:: Task objective ::
Exactly as written, return the entries below, minus any pictures.

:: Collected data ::
- Opening Delimiter -
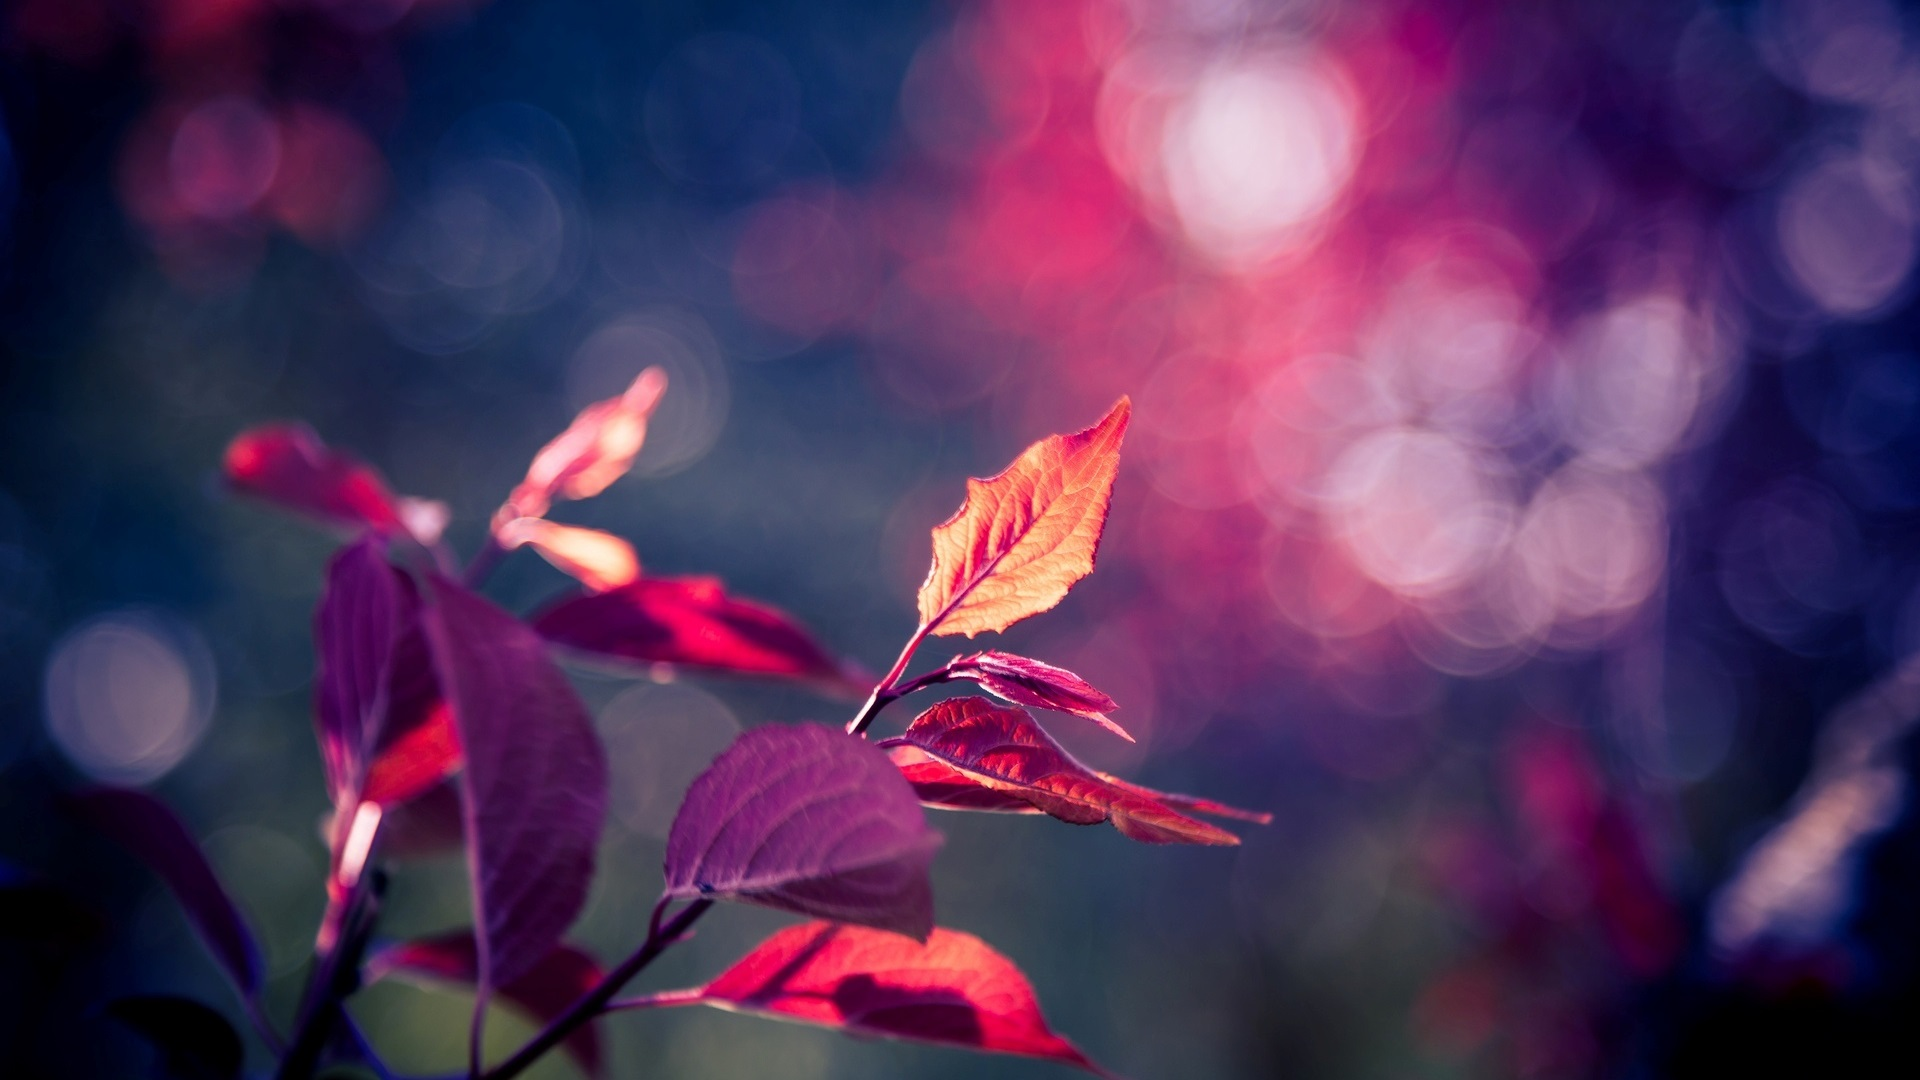 rose feuilles pourpres macro, bokeh fonds d'écran x fonds d
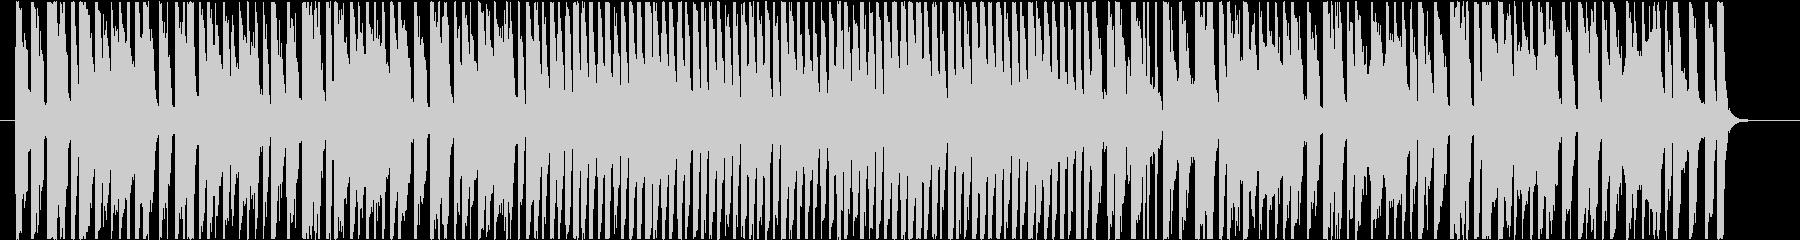 明るくポップなオープニングBGMの未再生の波形
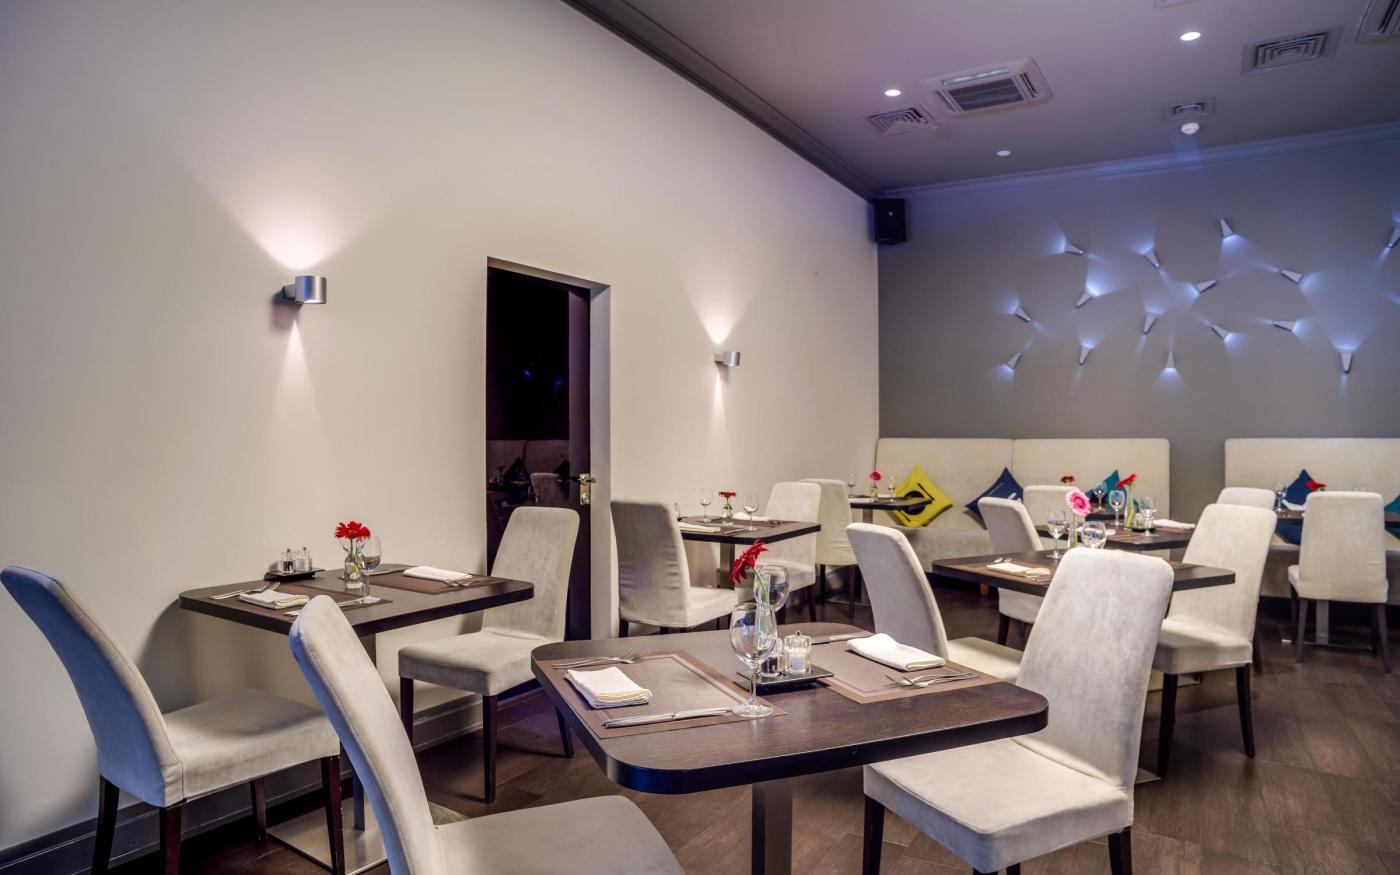 Ресторан Груша на Новаторов (Гастрономическое Ателье) фото 15
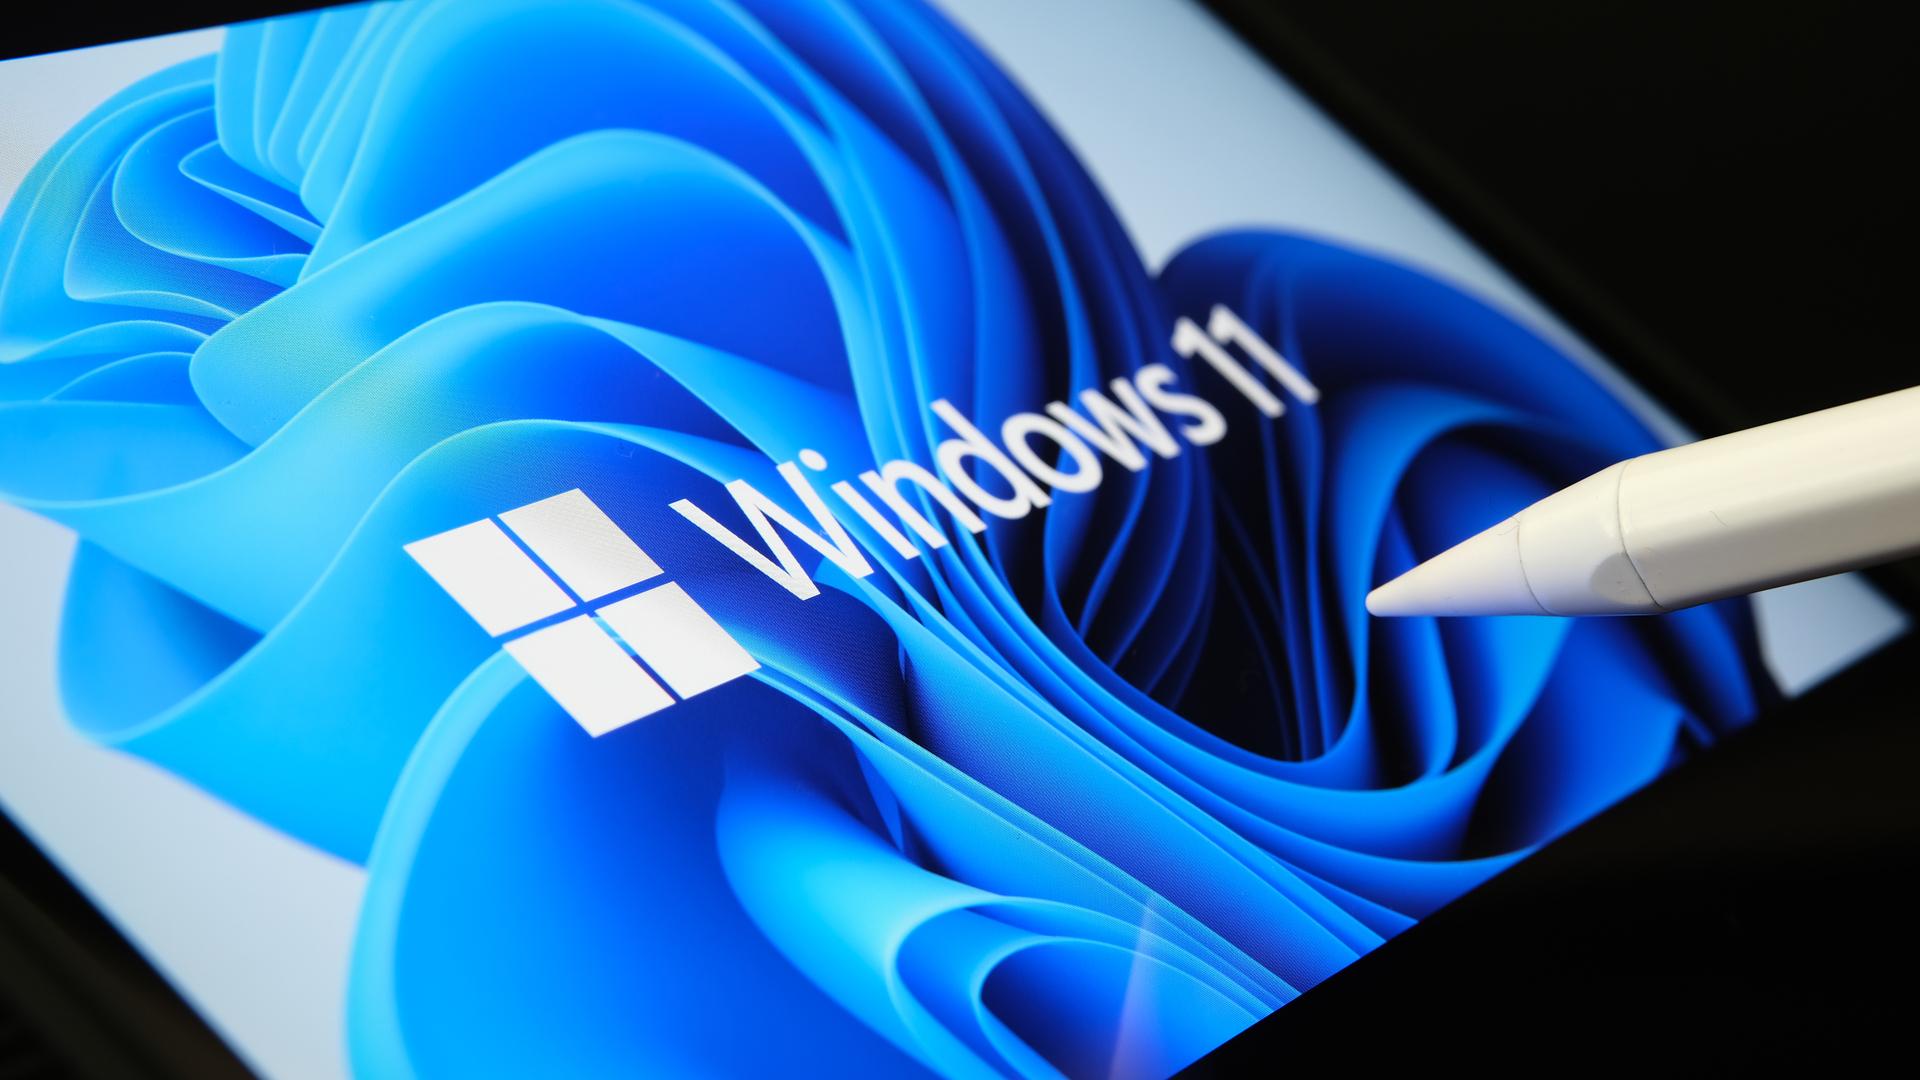 Windows 11: confira as 5 melhores novidades da atualização
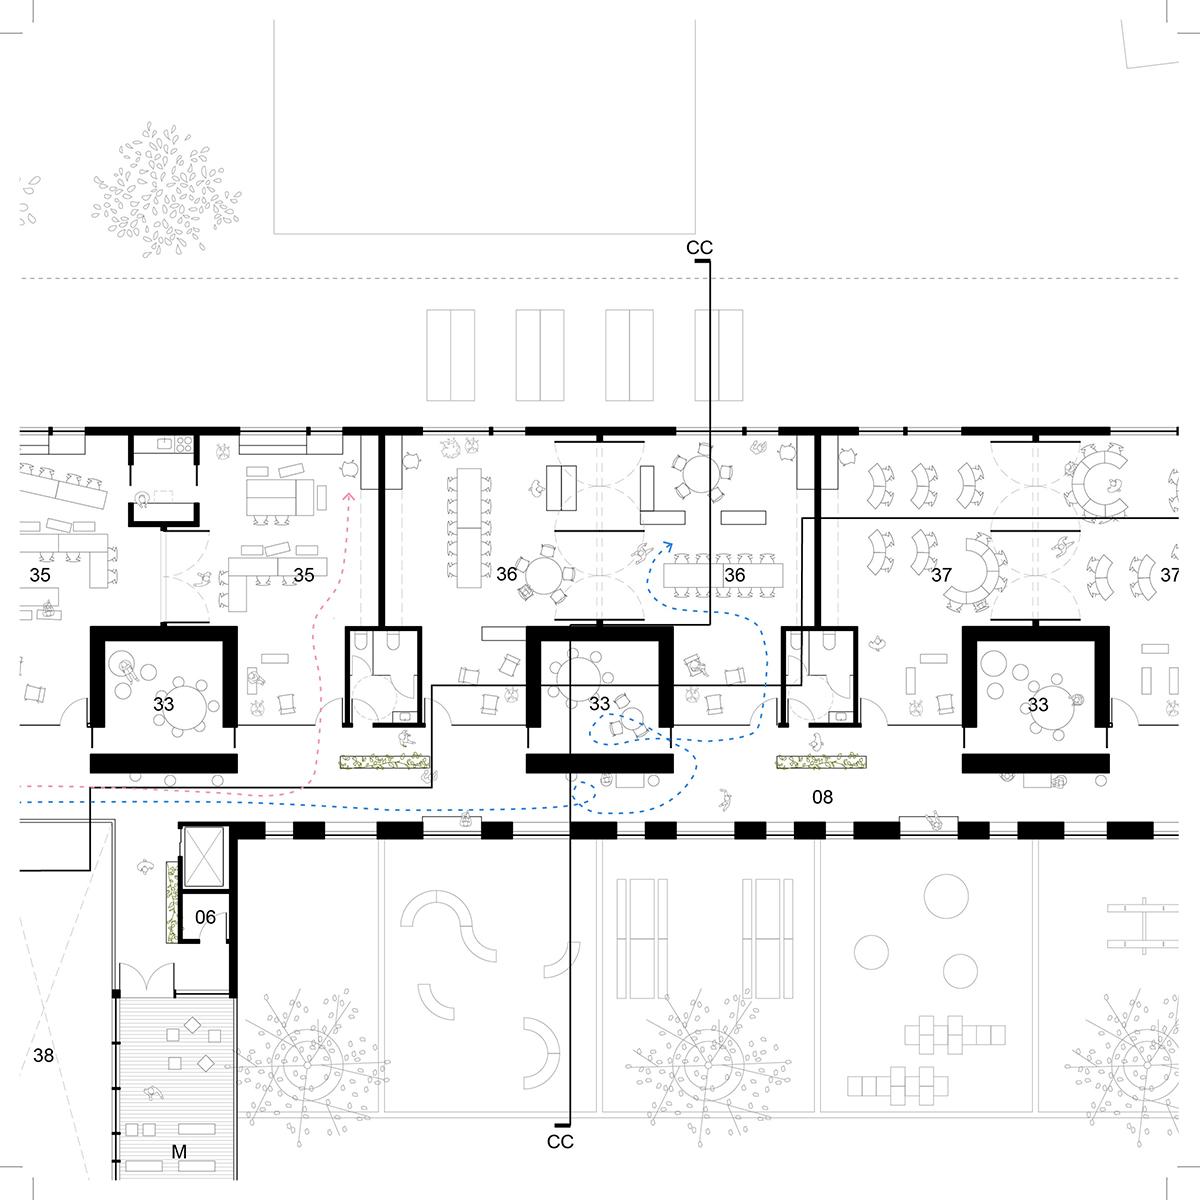 Plan d'une salle de classe par AUpoint et Patriarche Canada, pour le concours du Lab-École à Maskinongé, présenté dans le cadre de l'exposition «Devoirs d'architecture».
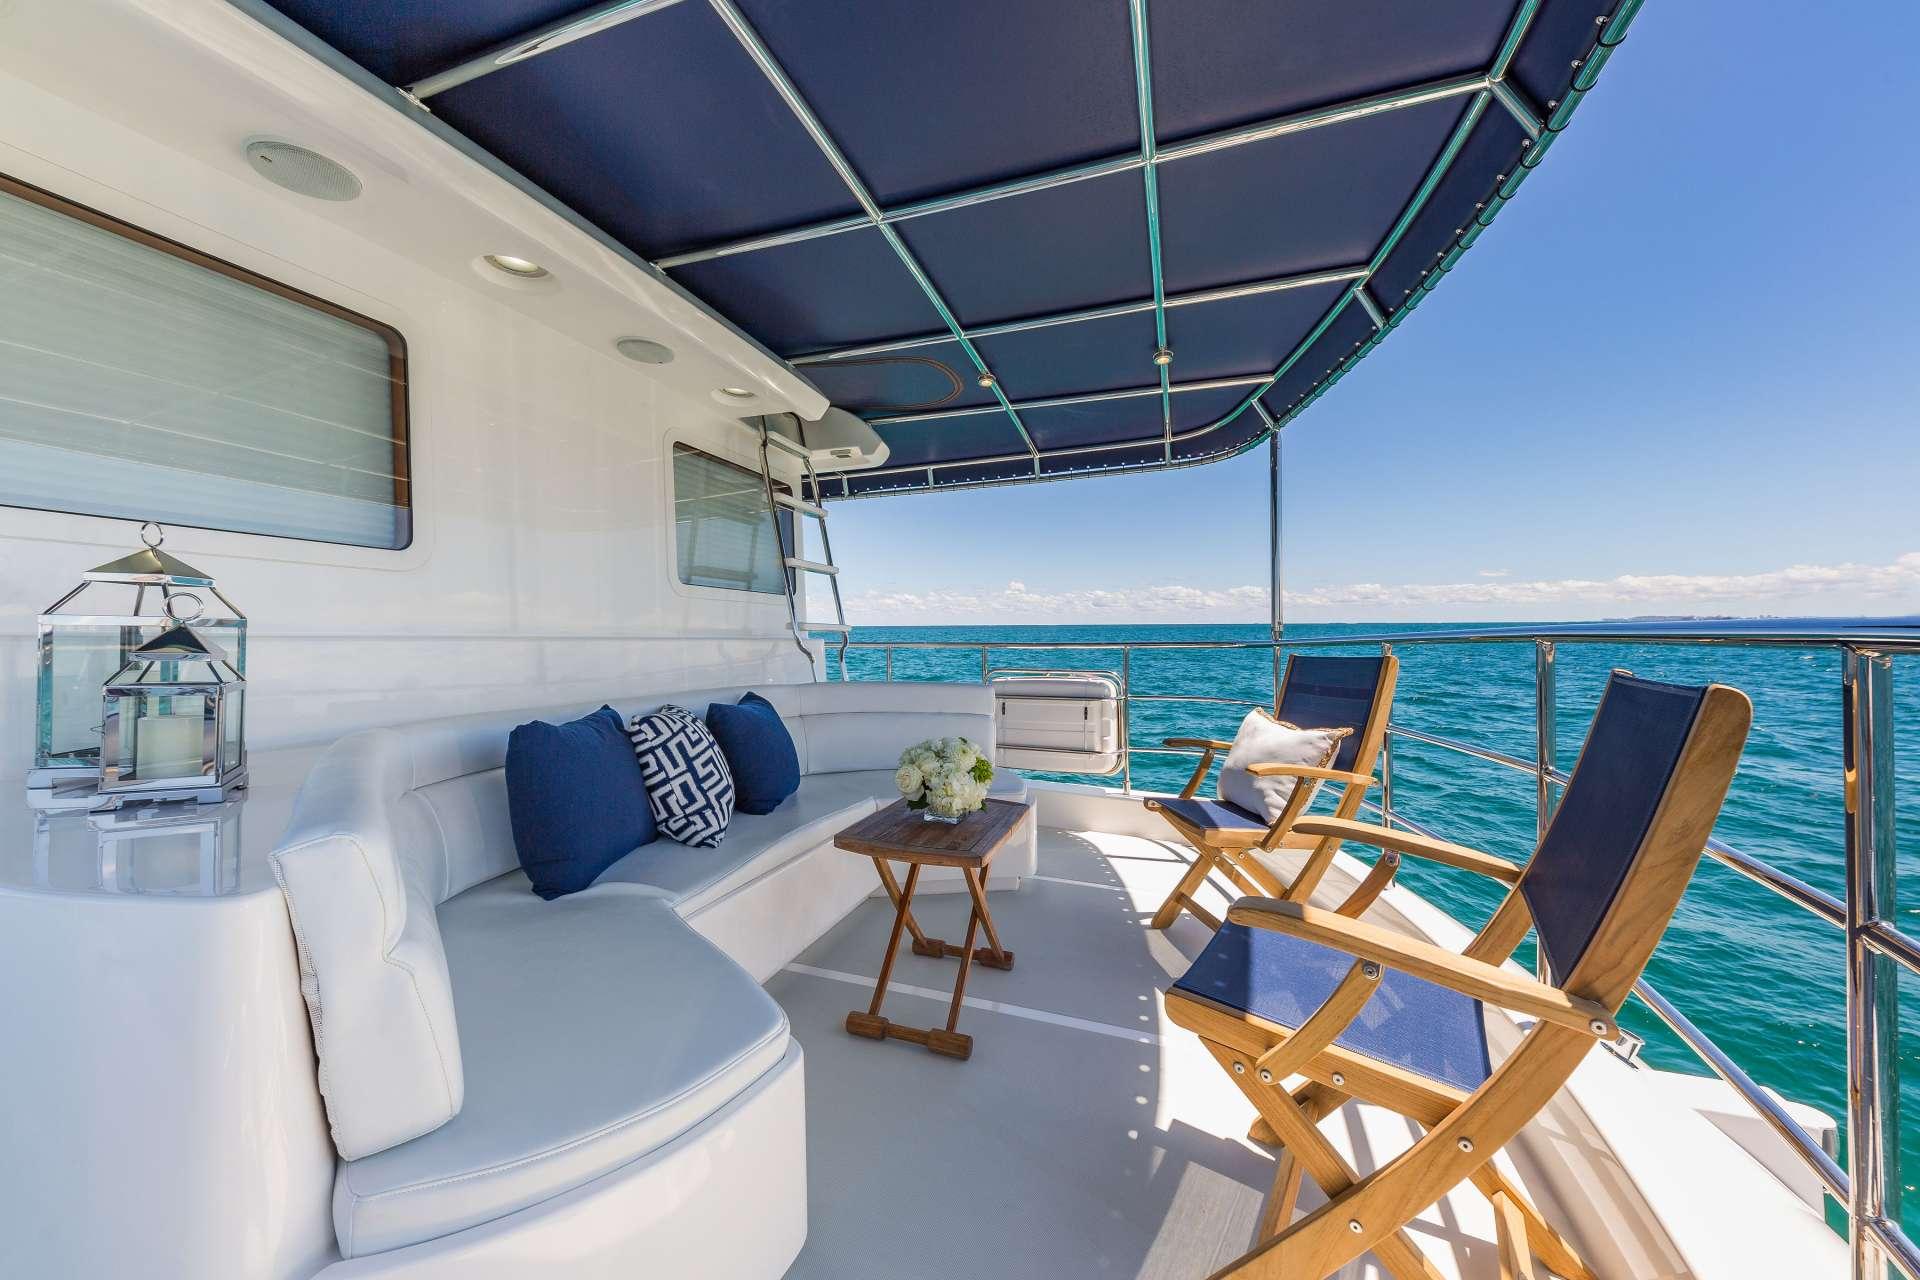 ASTURIAS yacht image # 14
- Closing Delimiter -
:: Exercise output ::
 rose feuilles pourpres macro, bokeh fonds d'écran x fonds d
 明るくポップなオープニングBGMの未再生の波形
 Ресторан Груша на Новаторов (Гастрономическое Ателье) фото 15
 Windows 11: confira as 5 melhores novidades da atualização
 Plan d'une salle de classe par AUpoint et Patriarche Canada, pour le concours du Lab-École à Maskinongé, présenté dans le cadre de l'exposition «Devoirs d'architecture».
 ASTURIAS yacht image # 14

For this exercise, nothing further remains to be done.